Compose for widgets, RemoteViews underneath

Calendula’s home-screen widgets are written in Jetpack Glance — the Compose-style API for widgets. You declare a GlanceAppWidget, write something that looks like a composable, and attach behaviour with familiar-feeling modifiers. It’s a genuine relief compared to hand-assembling widget layouts.

But Glance isn’t a new widget runtime. It’s a translation layer: your composition is compiled down to RemoteViews — a serialized description of a layout that another process (the launcher) inflates and renders. Your app isn’t running while the widget is on screen, and it never gets the touch events. Glance hides that, but it can’t repeal it. Three Calendula widget bugs in a row were really the same lesson: the RemoteViews constraints reach up through the Compose gloss and bite anyway.

There’s no click handler, only an action

In a real Compose UI you’d write Modifier.clickable { doThing() } and doThing runs in your process. In Glance you write GlanceModifier.clickable(actionStartActivity<…>()) — and that difference is the whole story. There’s no lambda that runs on tap, because there’s no code of yours running on the far side. Glance only lets you attach an actionactionStartActivity to launch something, actionRunCallback to fire a registered callback — and those compile down to the PendingIntents RemoteViews has always required. Taps don’t call a function; they launch something.

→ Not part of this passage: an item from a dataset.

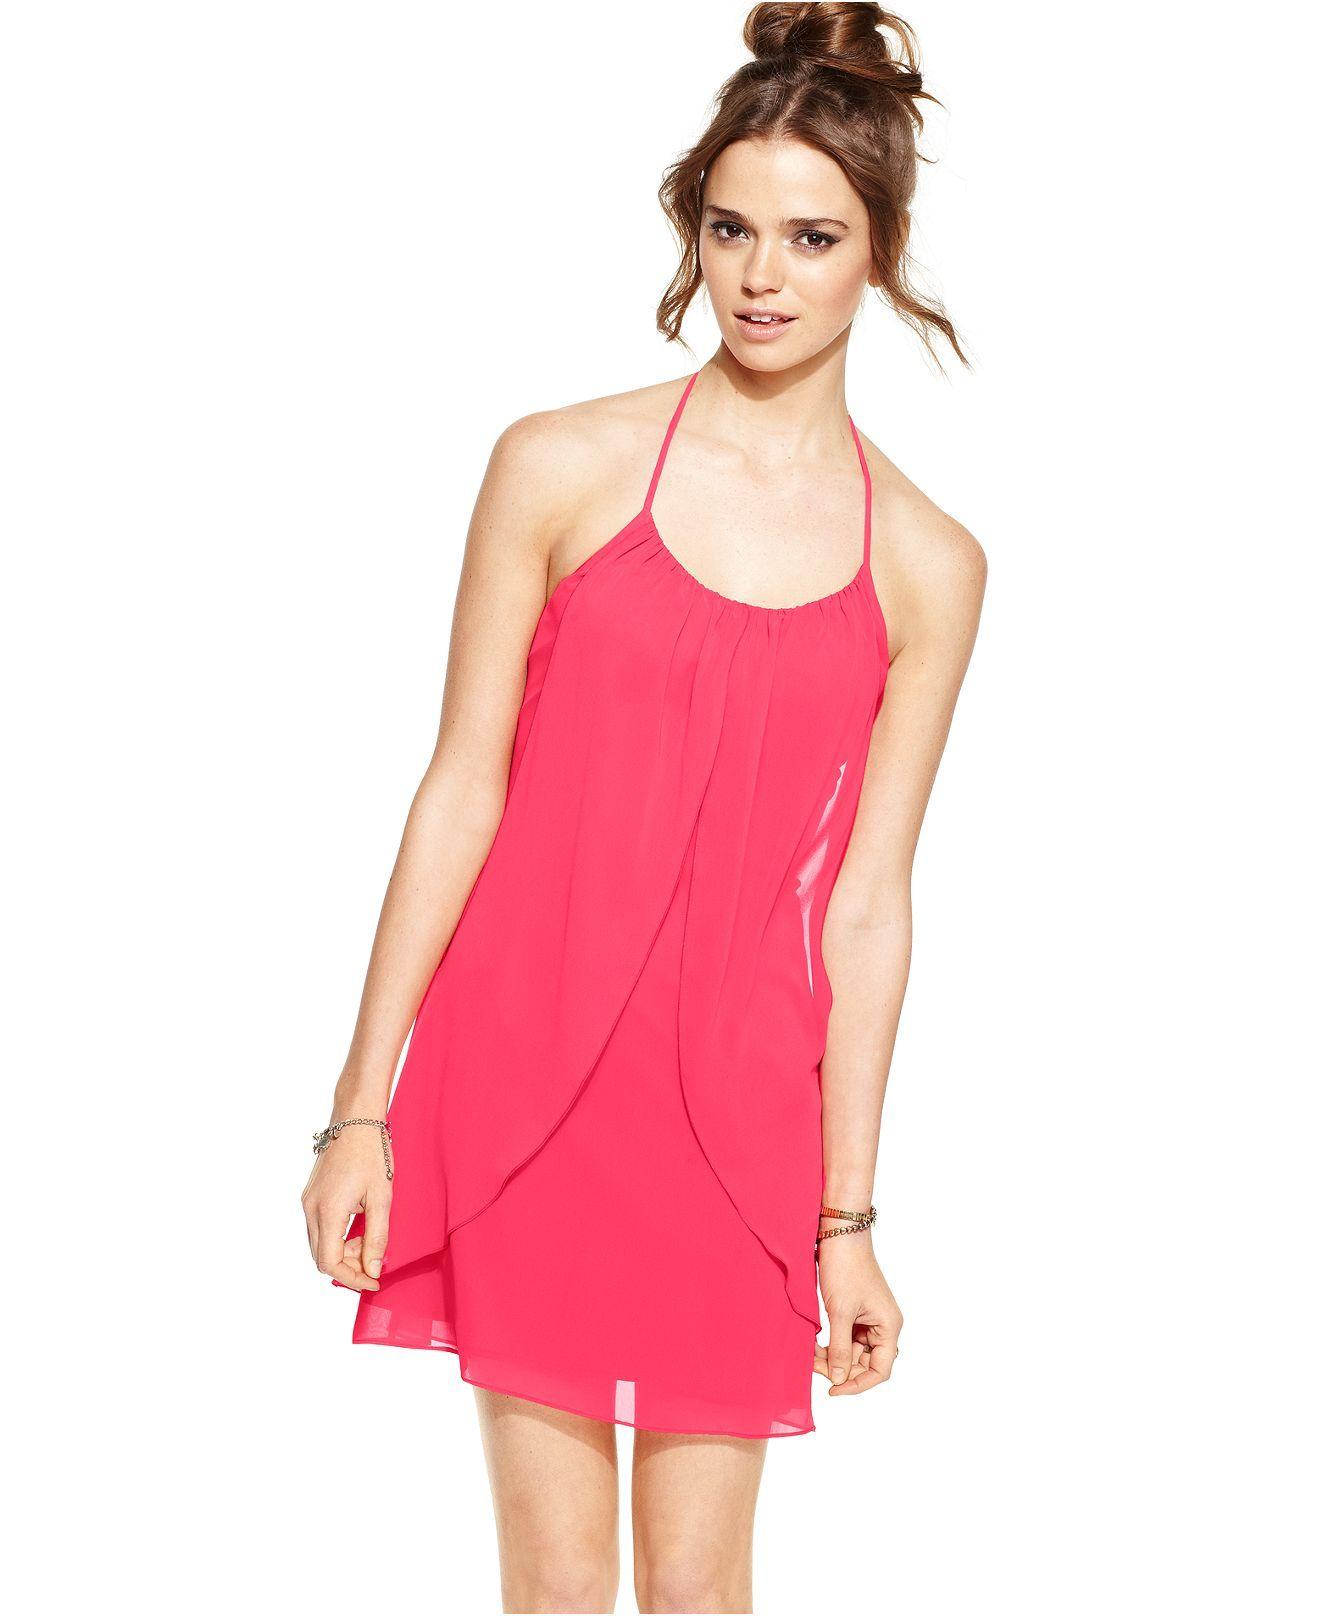 91943e7877e Hailey Logan Juniors Dress

That reframes every “make X tappable” request. When the month widget’s arrows and header did nothing (#18), it wasn’t a broken handler — there was no handler to break, and no action wired to the view either, so the launcher had nothing to fire. The fix isn’t “handle the tap,” it’s “attach the action”: one that advances the month, one that opens the app in month view. Same shape in #20 — the agenda widget’s header should open your default view, again a missing action, not a bug in one.

And because every day cell needs to open its own date, each one carries its own action. Glance’s clickable makes that look like an ordinary per-item modifier, but underneath it’s still one addressed intent per cell — a month grid is a grid of them. An earlier round (#2) fixed exactly this: the month grid wasn’t interactive at all until each day was made to launch itself.

The far side has to be told what “back” means

Because a tap launches an intent rather than navigating, the app has to reconstruct context on arrival. Tapping a day in the agenda widget and tapping a day in the month widget both open a day — but where should Back take you? The widget knows; the freshly-started activity does not, unless the action says so.

So actionStartActivity carries not just “open this day” but “you came from the agenda context,” and the app rebuilds a back stack from that: day → agenda → your default view, or day → month → default. It looks like normal navigation to the user. Under the hood it’s the app trusting a breadcrumb the widget packed into the launch, because a widget can’t hand over a live navigation state — Glance composition or not, all it can serialize is data.

“Upcoming” has to actually mean upcoming

The last one wasn’t about interaction. The agenda widget is titled Upcoming, yet it listed every event of the day, finished ones included (#12). In a normal Compose list you’d just filter as the list recomposes. A widget can’t — what the launcher renders is baked in when the composition is snapshotted to RemoteViews, not recomputed as you scroll. So “don’t show past events” becomes a property of the data you build before Glance serializes it, exposed as a PastEventDisplay preference: hide finished events outright, or dim them in place for people who still want them visible.

The lesson

Glance is a real improvement — declaring widgets in Compose beats the old ceremony. But it’s a nicer handle on the same box. There’s still no process of yours, still no live view tree, still only data you snapshot and actions you pre-address, rendered by someone else. Once I stopped thinking “how do I handle this tap” and started thinking “what action should this fire, and what does the far side need to know,” the three bugs stopped looking separate. A widget can’t do anything. It can only describe what should happen — and Compose syntax doesn’t change that, it just makes the describing pleasant.